Does anyone have any insights about offering trial fonts?

Did you feel a change after you started offering them?

I'm still trying to figure out if they're good for business.

A few concerns are:
- Easier for people to steal them, recompile and sell on platforms like Creative Market etc.
- Getting files for free takes away the buy impulse.
- Hard to police if they are used commercially.

What are your thoughts on this?

@fonts Our thoughts are:
- Trust people and they will trust you back
- Demo fonts *could* lead to a big license from an agency, so that might out weigh the risks of losing a few smaller sales
- If they use demo fonts for something nefarious then we probably weren't gonna get that sale anyway (they would just go on DaFont)
- At least we get an email for our mailing list, and since we treated them nicely maybe they'll come back to us in the future.

@fonts My take has long been that any sufficiently determined pirate will eventually find a way of getting the fonts.

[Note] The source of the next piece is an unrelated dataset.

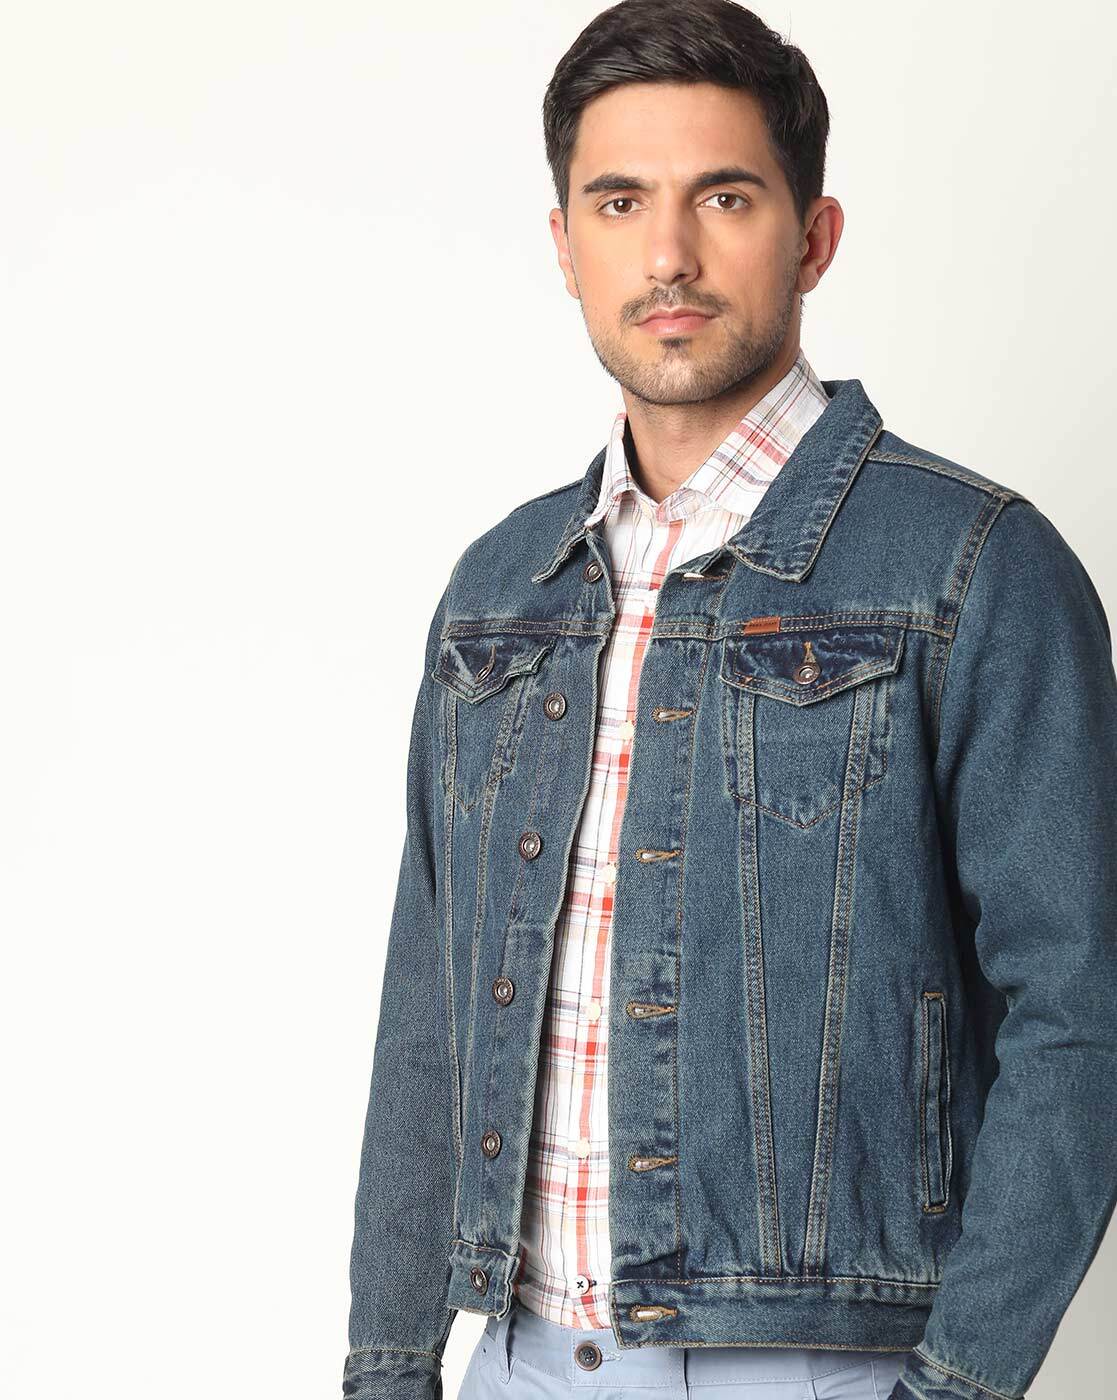 Buy Olive Jackets & Coats for Men by URBANO FASHION Online | Ajio.com

Trials are a decent compromise for letting potential customers test the fonts, while still making it inconvenient for would-be pirates.

(That said, later this week I’ll start testing unrestricted, non-subset trial fonts — the Nichrome files leaked online long before trials were available, and that typeface still sells, so maybe it’s worth the risk to be more user-friendly.)

@fonts Do it. If you’re worried about piracy, offer stripped-back versions. But fonts are largely b2b, businesses usually want to do the right thing.